(EXERCISE MATERIALS Opens)

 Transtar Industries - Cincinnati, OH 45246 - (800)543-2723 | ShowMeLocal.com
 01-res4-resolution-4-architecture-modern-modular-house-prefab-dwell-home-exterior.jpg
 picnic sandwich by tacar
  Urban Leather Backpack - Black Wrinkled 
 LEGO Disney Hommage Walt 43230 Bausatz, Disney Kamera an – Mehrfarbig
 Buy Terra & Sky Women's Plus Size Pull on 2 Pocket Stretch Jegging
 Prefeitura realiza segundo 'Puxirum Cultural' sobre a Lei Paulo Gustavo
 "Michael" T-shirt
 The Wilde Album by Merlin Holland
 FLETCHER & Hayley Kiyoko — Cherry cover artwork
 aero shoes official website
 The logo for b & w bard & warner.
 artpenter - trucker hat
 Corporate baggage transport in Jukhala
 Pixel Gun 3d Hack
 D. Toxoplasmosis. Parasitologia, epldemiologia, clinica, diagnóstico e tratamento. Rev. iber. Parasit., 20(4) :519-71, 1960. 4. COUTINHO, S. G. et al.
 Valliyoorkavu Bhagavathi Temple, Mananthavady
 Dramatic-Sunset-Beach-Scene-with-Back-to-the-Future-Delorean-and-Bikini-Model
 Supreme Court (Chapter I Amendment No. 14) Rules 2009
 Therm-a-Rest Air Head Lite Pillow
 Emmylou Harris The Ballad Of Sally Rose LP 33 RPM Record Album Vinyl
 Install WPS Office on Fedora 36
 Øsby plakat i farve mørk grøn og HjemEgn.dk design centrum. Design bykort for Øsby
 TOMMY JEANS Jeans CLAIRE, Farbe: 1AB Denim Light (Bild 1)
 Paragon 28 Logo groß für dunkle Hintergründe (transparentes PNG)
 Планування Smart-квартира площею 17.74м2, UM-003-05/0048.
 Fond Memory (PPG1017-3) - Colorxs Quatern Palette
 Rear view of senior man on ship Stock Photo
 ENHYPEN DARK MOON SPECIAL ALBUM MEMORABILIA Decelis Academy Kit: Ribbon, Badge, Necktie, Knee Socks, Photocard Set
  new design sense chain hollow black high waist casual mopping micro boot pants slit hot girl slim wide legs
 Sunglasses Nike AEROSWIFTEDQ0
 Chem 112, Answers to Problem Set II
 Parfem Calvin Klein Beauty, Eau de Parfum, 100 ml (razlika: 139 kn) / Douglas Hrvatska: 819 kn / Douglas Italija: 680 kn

(EXERCISE MATERIALS Closes)

● TASK OBJECTIVE
All of the entries, from the first line to the last, should be duplicated exactly.

● ANSWER SECTION
 Transtar Industries - Cincinnati, OH 45246 - (800)543-2723 | ShowMeLocal.com
 01-res4-resolution-4-architecture-modern-modular-house-prefab-dwell-home-exterior.jpg
 picnic sandwich by tacar
  Urban Leather Backpack - Black Wrinkled 
 LEGO Disney Hommage Walt 43230 Bausatz, Disney Kamera an – Mehrfarbig
 Buy Terra & Sky Women's Plus Size Pull on 2 Pocket Stretch Jegging
 Prefeitura realiza segundo 'Puxirum Cultural' sobre a Lei Paulo Gustavo
 "Michael" T-shirt
 The Wilde Album by Merlin Holland
 FLETCHER & Hayley Kiyoko — Cherry cover artwork
 aero shoes official website
 The logo for b & w bard & warner.
 artpenter - trucker hat
 Corporate baggage transport in Jukhala
 Pixel Gun 3d Hack
 D. Toxoplasmosis. Parasitologia, epldemiologia, clinica, diagnóstico e tratamento. Rev. iber. Parasit., 20(4) :519-71, 1960. 4. COUTINHO, S. G. et al.
 Valliyoorkavu Bhagavathi Temple, Mananthavady
 Dramatic-Sunset-Beach-Scene-with-Back-to-the-Future-Delorean-and-Bikini-Model
 Supreme Court (Chapter I Amendment No. 14) Rules 2009
 Therm-a-Rest Air Head Lite Pillow
 Emmylou Harris The Ballad Of Sally Rose LP 33 RPM Record Album Vinyl
 Install WPS Office on Fedora 36
 Øsby plakat i farve mørk grøn og HjemEgn.dk design centrum. Design bykort for Øsby
 TOMMY JEANS Jeans CLAIRE, Farbe: 1AB Denim Light (Bild 1)
 Paragon 28 Logo groß für dunkle Hintergründe (transparentes PNG)
 Планування Smart-квартира площею 17.74м2, UM-003-05/0048.
 Fond Memory (PPG1017-3) - Colorxs Quatern Palette
 Rear view of senior man on ship Stock Photo
 ENHYPEN DARK MOON SPECIAL ALBUM MEMORABILIA Decelis Academy Kit: Ribbon, Badge, Necktie, Knee Socks, Photocard Set
  new design sense chain hollow black high waist casual mopping micro boot pants slit hot girl slim wide legs
 Sunglasses Nike AEROSWIFTEDQ0
 Chem 112, Answers to Problem Set II
 Parfem Calvin Klein Beauty, Eau de Parfum, 100 ml (razlika: 139 kn) / Douglas Hrvatska: 819 kn / Douglas Italija: 680 kn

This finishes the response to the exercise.